Останавливаясь перед портретами пушкинских героинь, конечно, нельзя пройти мимо той, к которой поэт всегда обращался с трогательной нежностью, воспоминания Пушкина о которой проникнуты сыновней любовью. Няня Арина Родионовна – первая наставница его в родном языке, близкий друг и утешительница в тяжкие минуты изгнания и одиночества. Как много говорит сердцам нашим этот образ милой верной няни, сколько сожалений вызывает мысль о том, что у наших детей не будет теплых воспоминаний, связанных с ныне ушедшим типом старой русской няни.
На вопрос, что видел, вернее, что хотел видеть, за что любил женщину Пушкин, и с каким чувством к ней приближался, мы находим ответ в любовной лирике. Наиболее ярко это отношение выражено в прелестном стихотворении «Буря»:
– Прекрасно море в бурной мгле, и небо в блесках без лазури; но верь мне; дева на скале прекрасней волн, небес и бури.[27]
Его влечение к женщине чисто и прекрасно, и он погружается в мечтанье, «когда нечаянно пройдет передо мной младое, чистое, небесное создание», и хочется ему, любуясь девой, «благословлять ее на радость и на счастье и сердцем ей желать все блага жизни сей».[28]
Пушкин, любивший всегда и любивший пылко, постоянно ассоциирует любовь с представлением «возвышенная, чистая, небесная», и не может не взирать на красоту без умиления, без робкой нежности и тайного волнения, внушаемых ему всегда женской любовью. Любовь для поэта – такая же высшая сила, как и природа; появление и исчезновение ее совершается вне всяких усилий человеческой воли и чуждо логической закономерности. Таким мгновенно вспыхнувшим чувством, охватившим все существо Пушкина, была любовь его к А. П. Керн, явившейся перед ним, «как мимолетное виденье, как гений чистой красоты».[29] Столь же горячо и глубоко чувство любви Пушкина выливается в стихотворениях, посвященных Амалии Ризнич, которую он любил «пламенной душой, с таким тяжелым напряжением, с такою нежною томительной тоской, с таким безумством и мучением».[30]

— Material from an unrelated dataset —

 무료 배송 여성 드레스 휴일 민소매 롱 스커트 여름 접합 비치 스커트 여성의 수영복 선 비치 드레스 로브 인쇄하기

Но годы унесли «голос нежный и милые черты» Керн, также внезапно исчезла страсть к Ризнич, и поэт сам поражен, что услышав весть о смерти любимой женщины, он «равнодушно ей внимал».
К концу своей краткой жизни поэт нашел, наконец, как ему казалось, в своей жене воплощение своего высшего женского идеала, и, в порыве благодарности Богу за свое счастье, восклицал в обращении к Н. Н. Гончаровой:
– Творец тебя мне ниспослал, моя Мадонна, чистейшей прелести чистейший образец…[31]
Вот, в главных чертах, женщина и отношение к ней пушкинской музы, той музы, которую Белинский определил словами:
– Муза Пушкина это – девушка-аристократка, в которой обольстительная красота и грациозность непосредственности сочетались с изяществом тона и благородной простотой, и в которой прекрасные внутренние качества развиты и еще более возвышены виртуозностью формы, до того усвоенной ею, что эта форма сделалась ее природой{36}.